The town of Peterborough, New Hampshire, said Monday that it has lost $2.3 million in taxpayer dollars as the result of a cyberattack.
"It pains us to inform the residents and taxpayers of Peterborough that, like so many other towns and cities, we have fallen victim to an internet-based crime that has defrauded our taxpayers of $2.3m," Select Board Chairman Tyler Ward and Town Administrator Nicole MacStay said in a press release posted to Facebook.
They said they don't believe the funds can be recovered by reversing the transaction, and they don't know if the losses will be covered by insurance.
"It's really a gut punch, that's for sure," Select Board member William Kennedy said when reached by phone Monday. He said he had already fielded several calls from residents in the hour since the press release was first posted online.
Peterborough, a town of just over 6,000 residents, is located in southern New Hampshire, about 35 miles west of Manchester.
Ward and MacStay said town officials learned on July 26 that the ConVal School District, which serves Peterborough and eight other surrounding towns, had not received its monthly $1.2 million transfer form the town.
Upon further investigation, town officials realized the town had been victimized by an email-based fraud.
"They were incredibly sophisticated forgeries," MacStay told NBC10 Boston Monday. "These email exchanges, you would have to look much closer than anyone would normally look at an email to see that they were in fact forgeries. They really understand how these transactions worked, and took the time to understand how we worked with the school district and the vendor to be able to divert the funds the way they did."
Finance Department staff put a stop payment order on the transfer, but the funds had already left the town's account at Peoples United Bank, the town said. Town IT staff also contacted U.S. Secret Service and the cyber security firm ATOM Group.

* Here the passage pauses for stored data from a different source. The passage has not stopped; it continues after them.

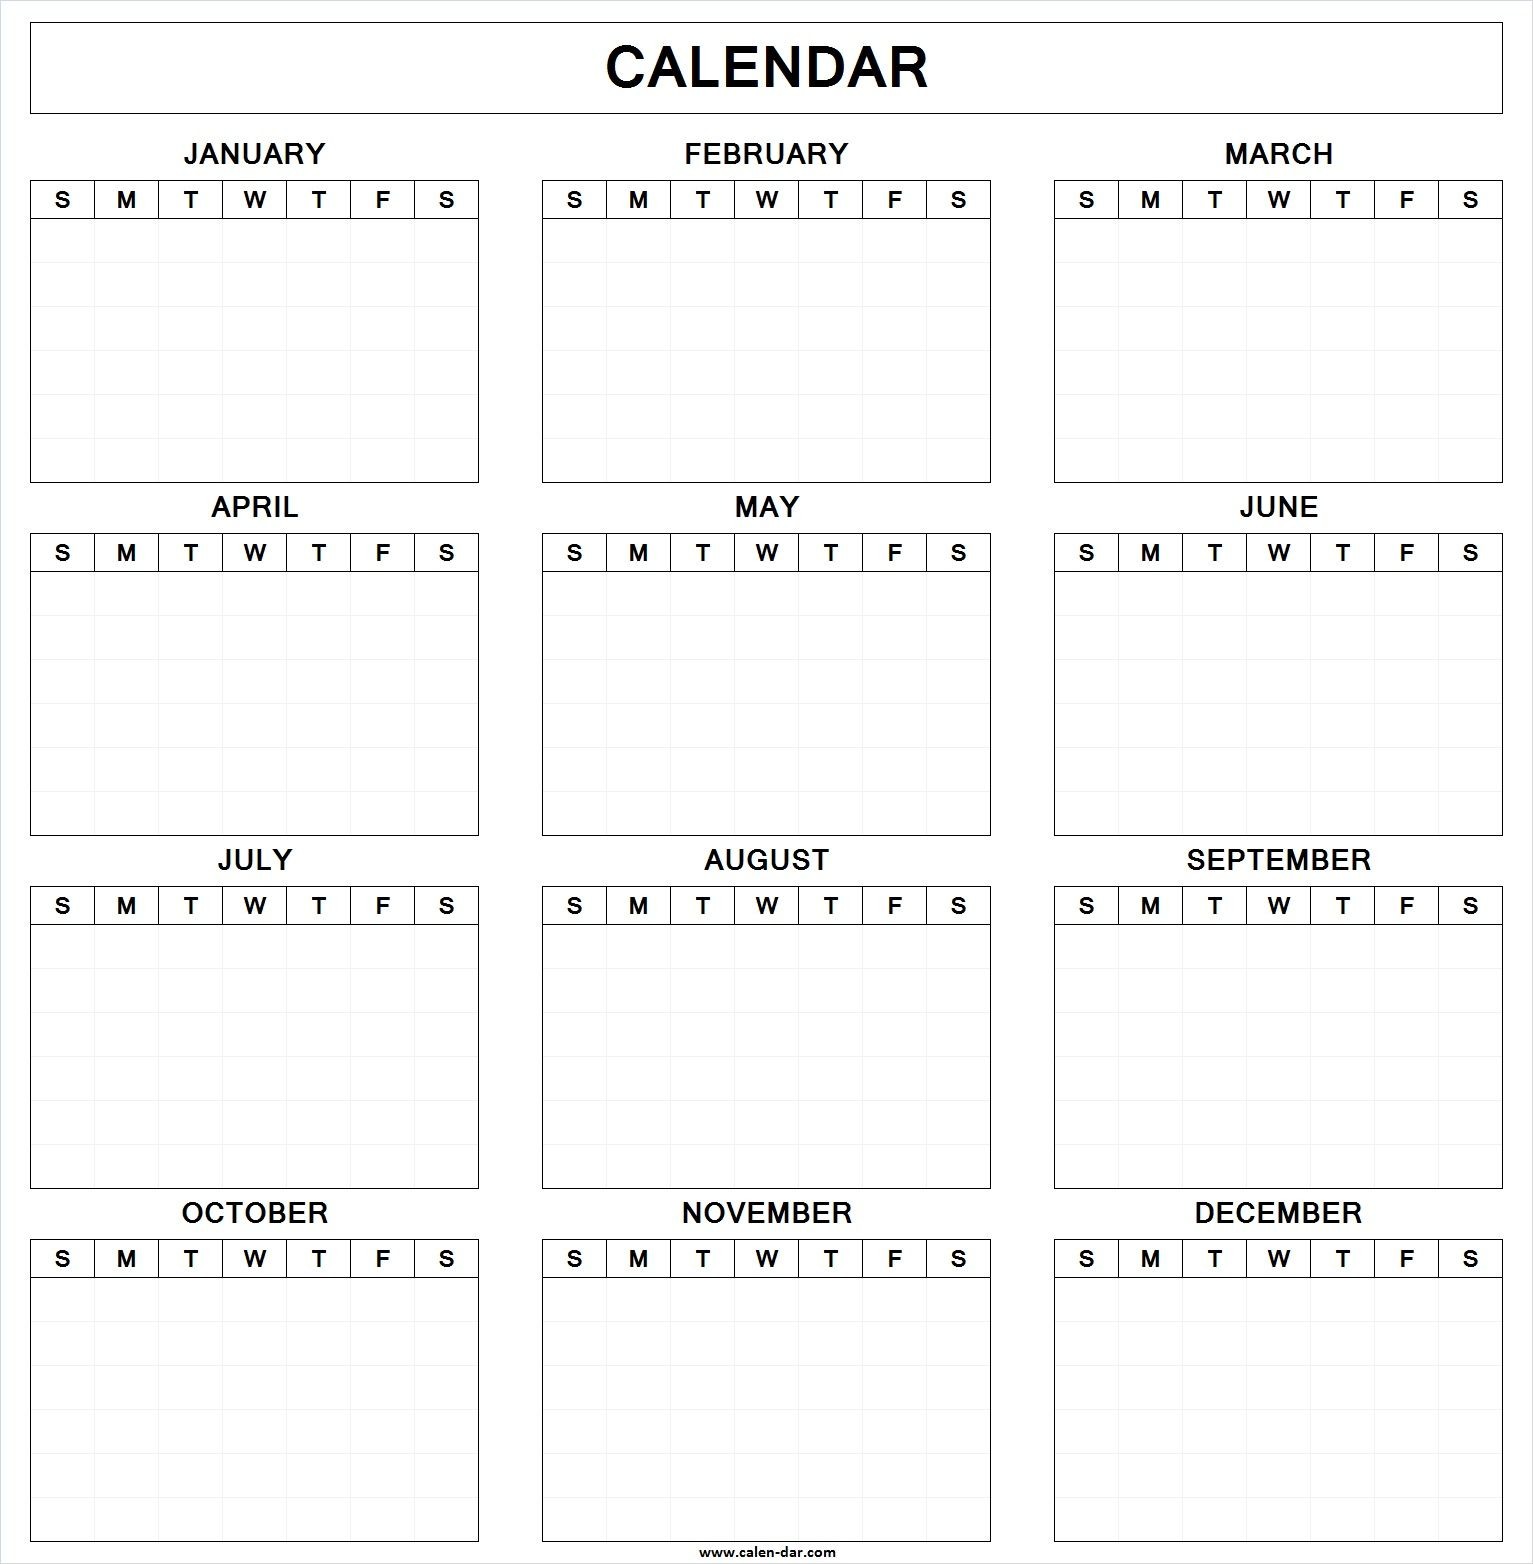 Blank Yearly Calendar Template 2018 | Home decor | Pinterest ...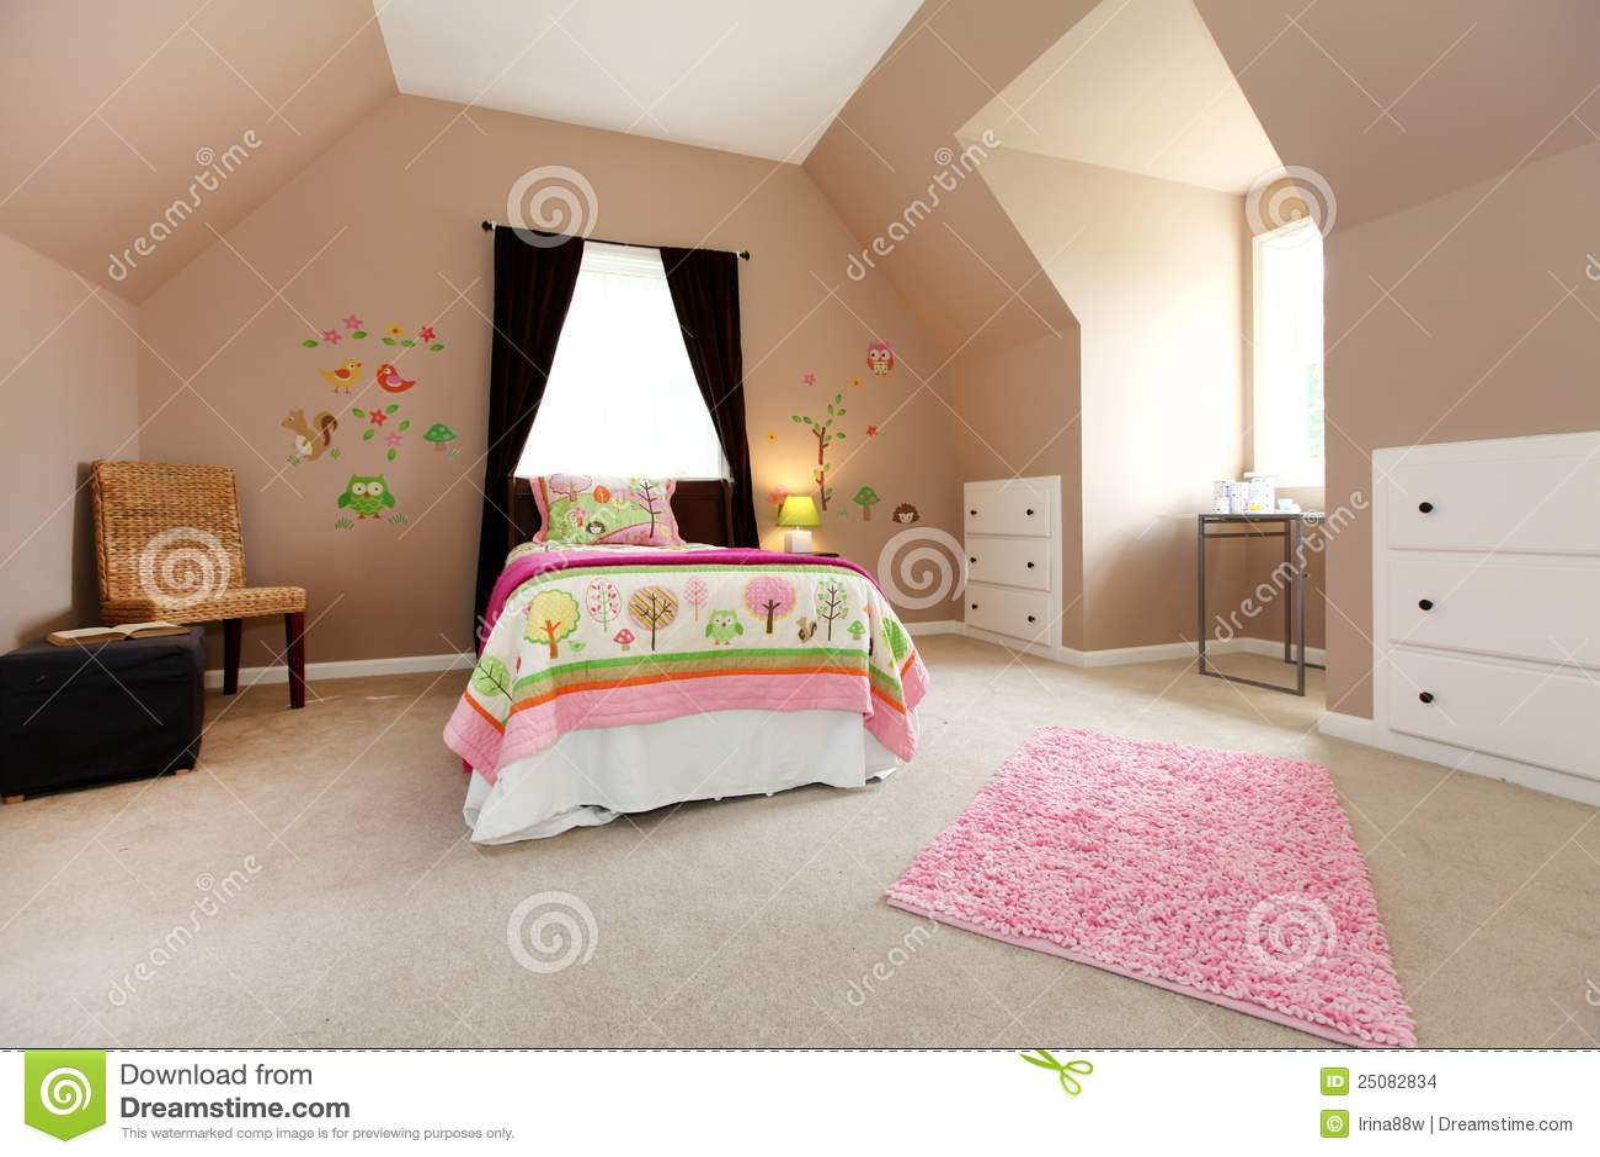 Ontwerp Kleine Slaapkamers Echt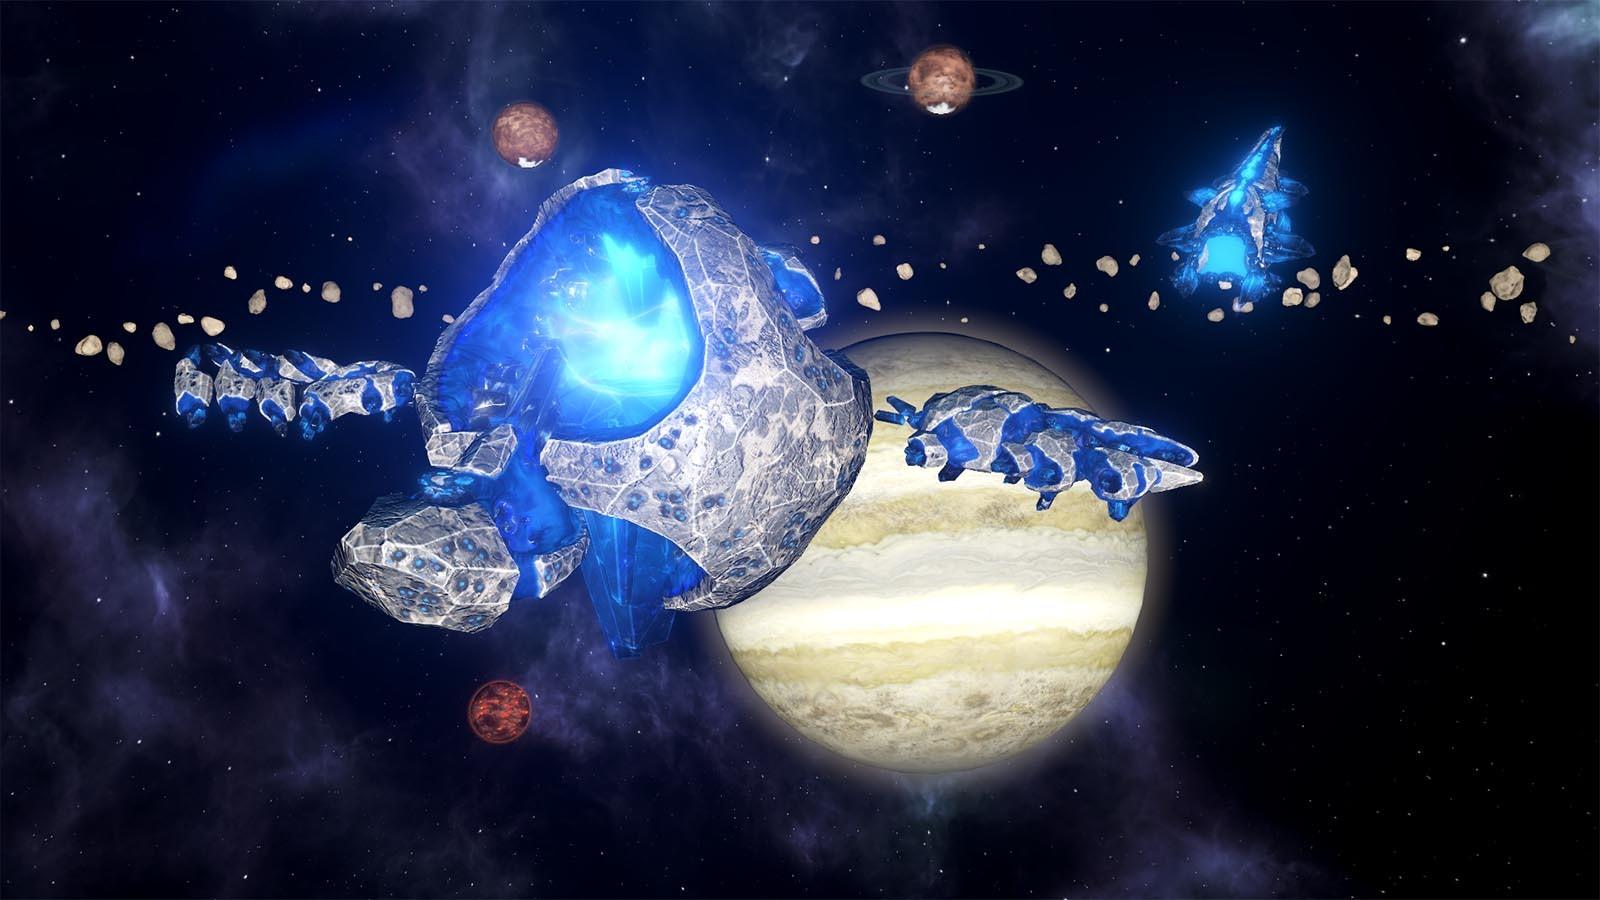 Stellaris: Lithoids Species Pack | ROW (bd849c28-b4cf-4d6a-b52a-520772b3a2be)

The Secret Service Cyber Fraud Task Force began tracing the funds through transactions that ultimately converted them to cryptocurrency, the town said. The ATOM Group and the town's IT staff were able to identify email exchanges between Peterborough Finance Department staff and thieves posing as ConVal School District staff using forged documents and email accounts, but they were not able to identify who had perpetrated the fraud.
On Aug. 18, as the original investigation continued, town Finance Department staff learned that two bank transfers meant to go to Beck and Bellucci, the general contractor working on the Main Street Bridge project, had also been fraudulently diverted to thieves through similar means. The Secret Service and ATOM Group were again notified.
Kennedy, who was elected in May, said he was first informed of the fund thefts about a week ago and could hardly believe it.
"It was an anomaly, as it was," he said. "They were apparently just poised to catch us at a vulnerable time. This is a common thing. We transfer funds to ConVal on a monthly basis. This was an automated process. They caught us at a weak moment."
Investigations into the forged email exchanges showed that they originated overseas.
"These criminals were very sophisticated and took advantage of the transparent nature of public sector work to identify the most valuable transactions and focs their actions on diverting those transfers," Ward and MacStay said in their statement.
MacStay said the Secret Service told the town that at least one other community in northern New England had also been targeted, losing about $600,000.
"It's just like ransomware attacks," she said. "They're happening everywhere. They're taking advantage of communications via email... These folks really do know what they're doing. They took their time and really implemented a very sophisticated scheme and were very targeted and, unfortunately, took advantage of our staff."
More New Hampshire stories
Town officials said it is not believed that any town staff were criminally involved in the money transfers, but the Finance Department employees who were directly targeted in this fraud have been placed on paid leave until the Secret Service's ongoing investigation is complete.
ConVal Superintendent Kimberly Rizzo Saunders also issued a statement Monday saying the school district is aware of the ongoing investigation. She said school district IT staff reviewed email and server access logs and found no signs of malicious activity.
"We are working alongside the Town of Peterborough, the U.S. Secret Service, legal counsel and our insurer to support this investigation however we can and develop a better understanding of how this theft occurred, as well as to recoup the lost funding however possible," she said.
Ward and MacStay said the town is still waiting to hear from its insurance provider whether the losses will be covered either in whole or in part. Meanwhile, the town has canceled all automated transfers, and all policies and procedures relating to electronic transactions are currently under review.